------ Dataset content ------

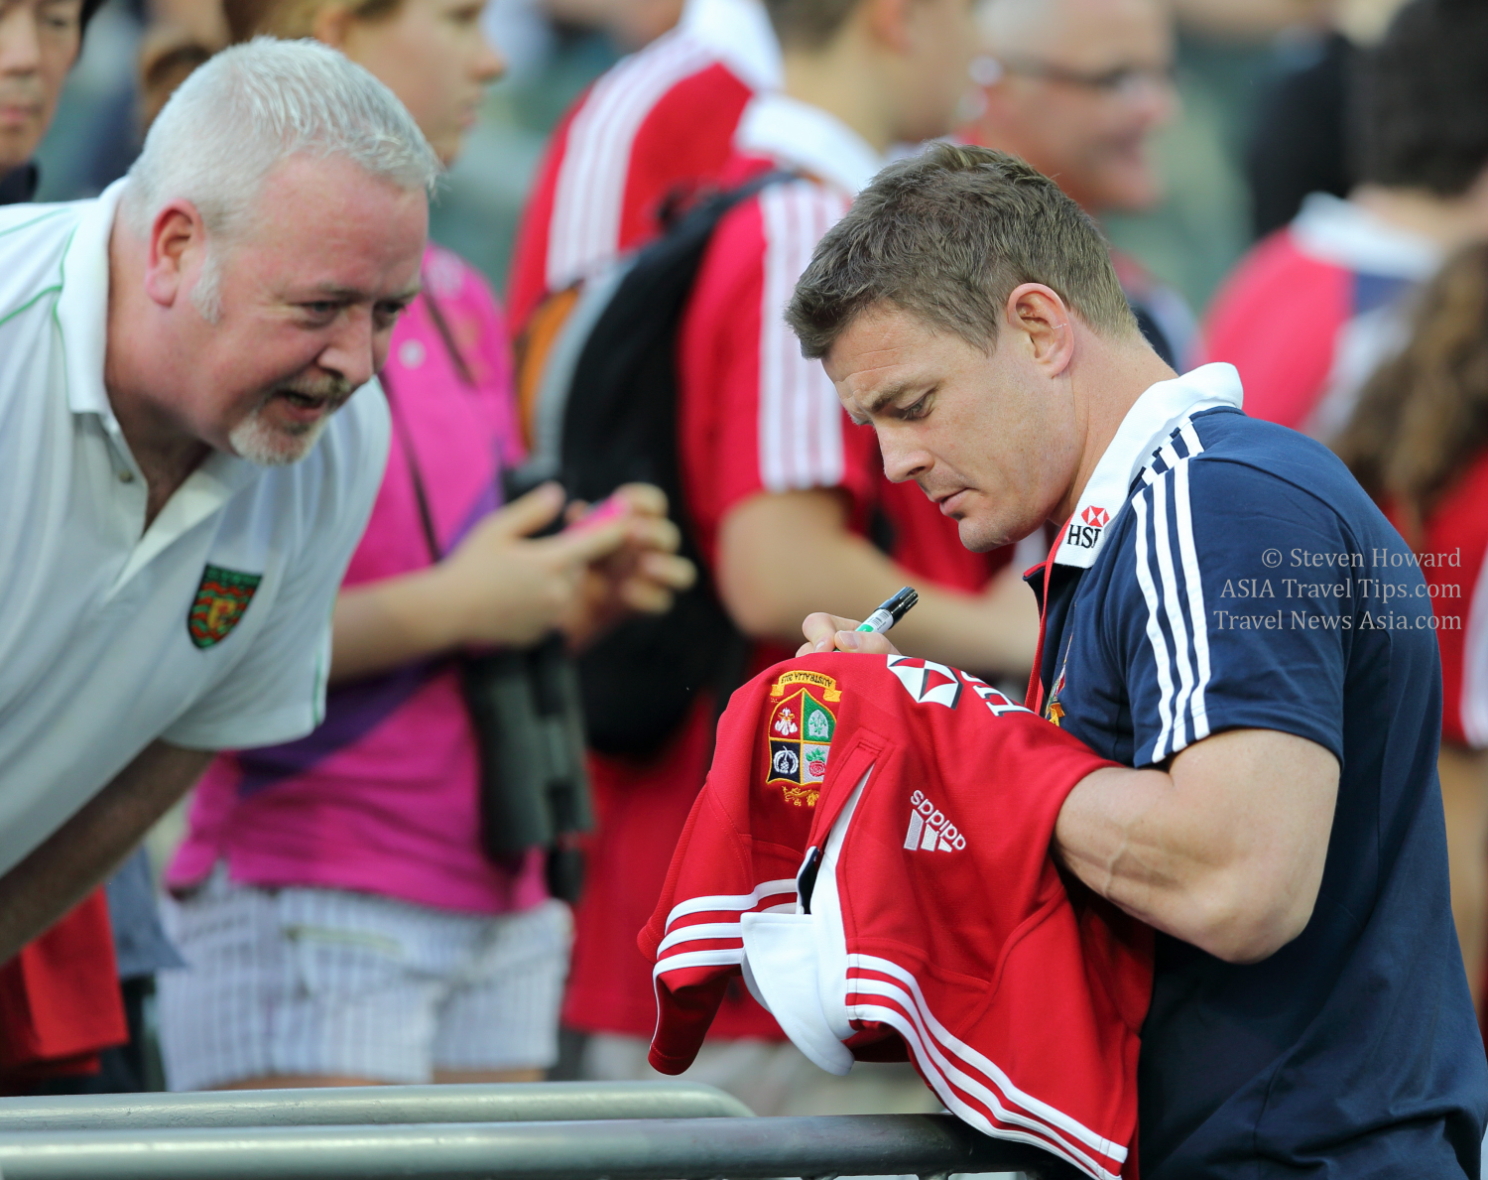 Brian O'Driscoll, an Irish Rugby and Lions Legend, signing a shirt in Hong Kong in 2013. The Lions stopped in Hong Kong on their way to Australia. Picture by Steven Howard of TravelNewsAsia.com Click to enlarge.
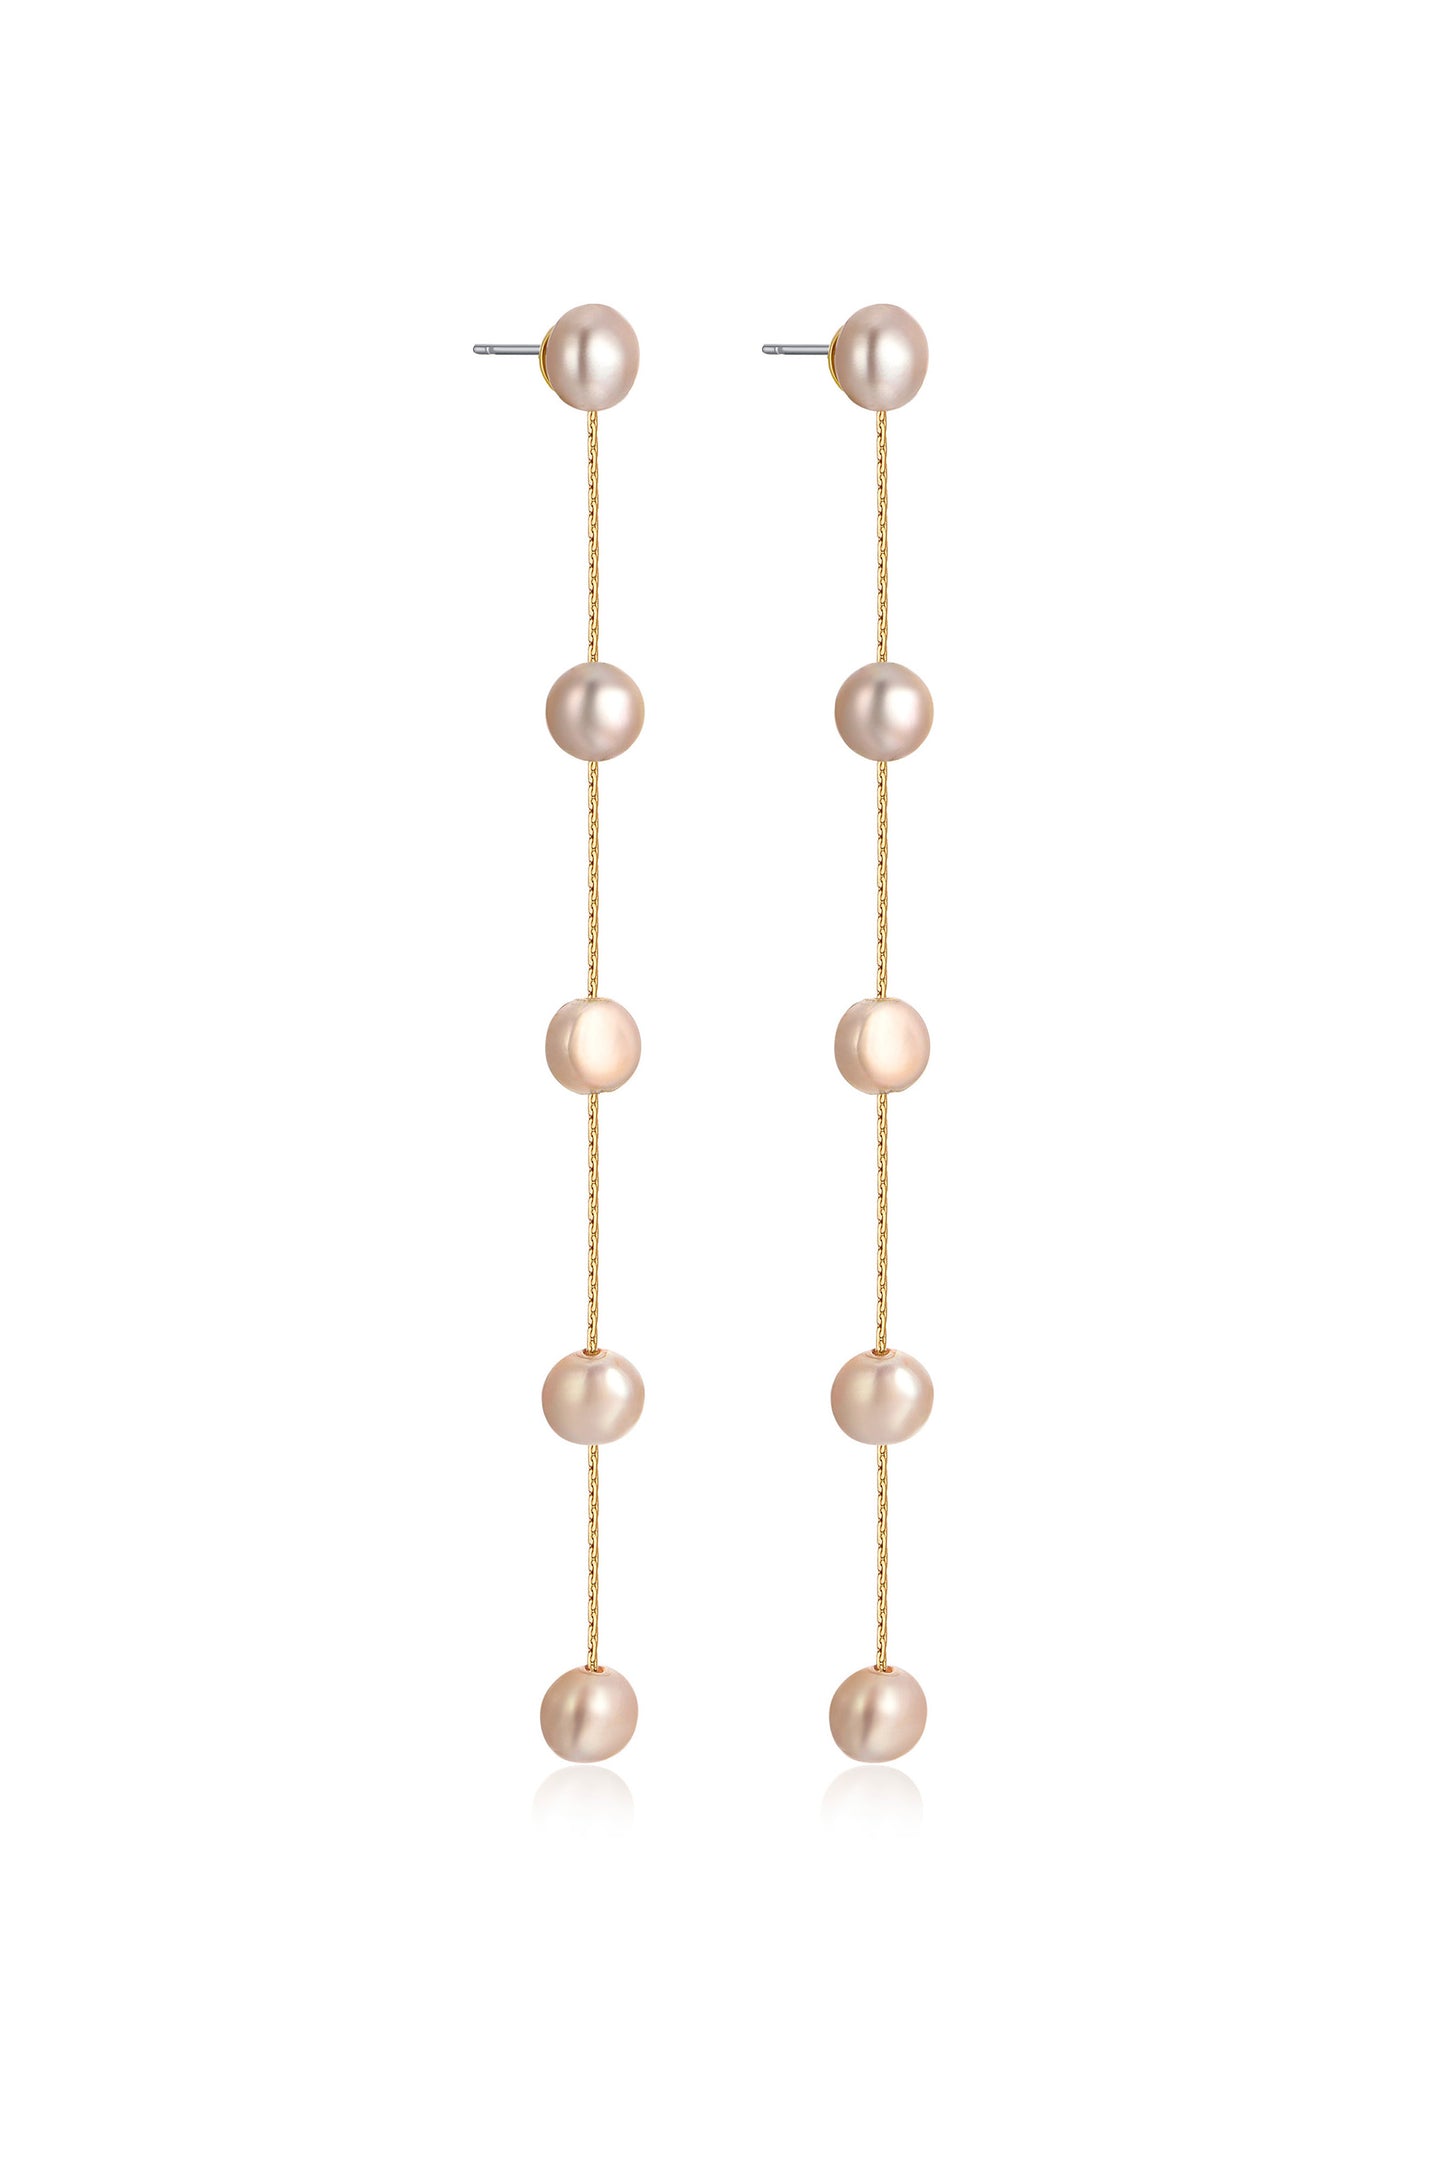 Dripping Pearl Delicate Drop Earrings champagne pearl gold chain side view
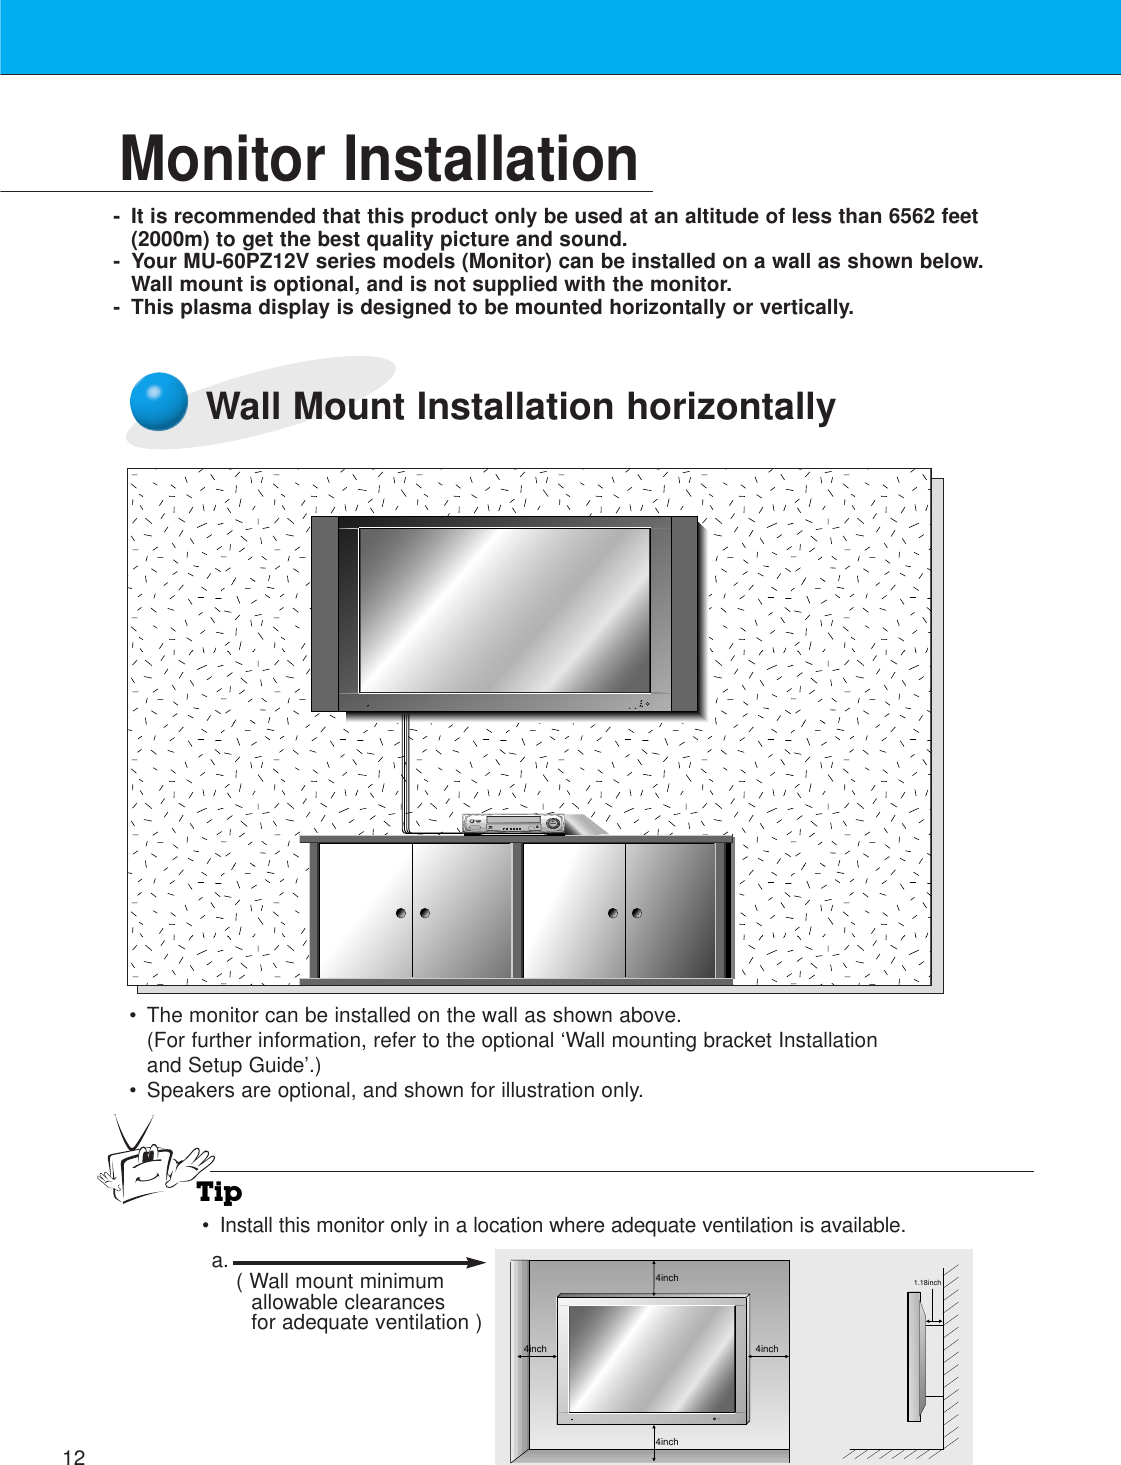 12Monitor Installation- It is recommended that this product only be used at an altitude of less than 6562 feet(2000m) to get the best quality picture and sound.- Your MU-60PZ12V series models (Monitor) can be installed on a wall as shown below.Wall mount is optional, and is not supplied with the monitor.- This plasma display is designed to be mounted horizontally or vertically.Wall Mount Installation horizontally•The monitor can be installed on the wall as shown above.(For further information, refer to the optional ‘Wall mounting bracket Installationand Setup Guide’.)• Speakers are optional, and shown for illustration only.Tip•Install this monitor only in a location where adequate ventilation is available.4inch4inch4inch4inch1.18incha. ( Wall mount minimumallowable clearancesfor adequate ventilation )

------

▶ [Directions for this task] For the data above, return an exact copy that contains no pictures.

▶ [Solution below]
 Brian O'Driscoll, an Irish Rugby and Lions Legend, signing a shirt in Hong Kong in 2013. The Lions stopped in Hong Kong on their way to Australia. Picture by Steven Howard of TravelNewsAsia.com Click to enlarge.
 Dripping Pearl Delicate Drop Earrings champagne pearl gold chain side view
 12Monitor Installation- It is recommended that this product only be used at an altitude of less than 6562 feet(2000m) to get the best quality picture and sound.- Your MU-60PZ12V series models (Monitor) can be installed on a wall as shown below.Wall mount is optional, and is not supplied with the monitor.- This plasma display is designed to be mounted horizontally or vertically.Wall Mount Installation horizontally•The monitor can be installed on the wall as shown above.(For further information, refer to the optional ‘Wall mounting bracket Installationand Setup Guide’.)• Speakers are optional, and shown for illustration only.Tip•Install this monitor only in a location where adequate ventilation is available.4inch4inch4inch4inch1.18incha. ( Wall mount minimumallowable clearancesfor adequate ventilation )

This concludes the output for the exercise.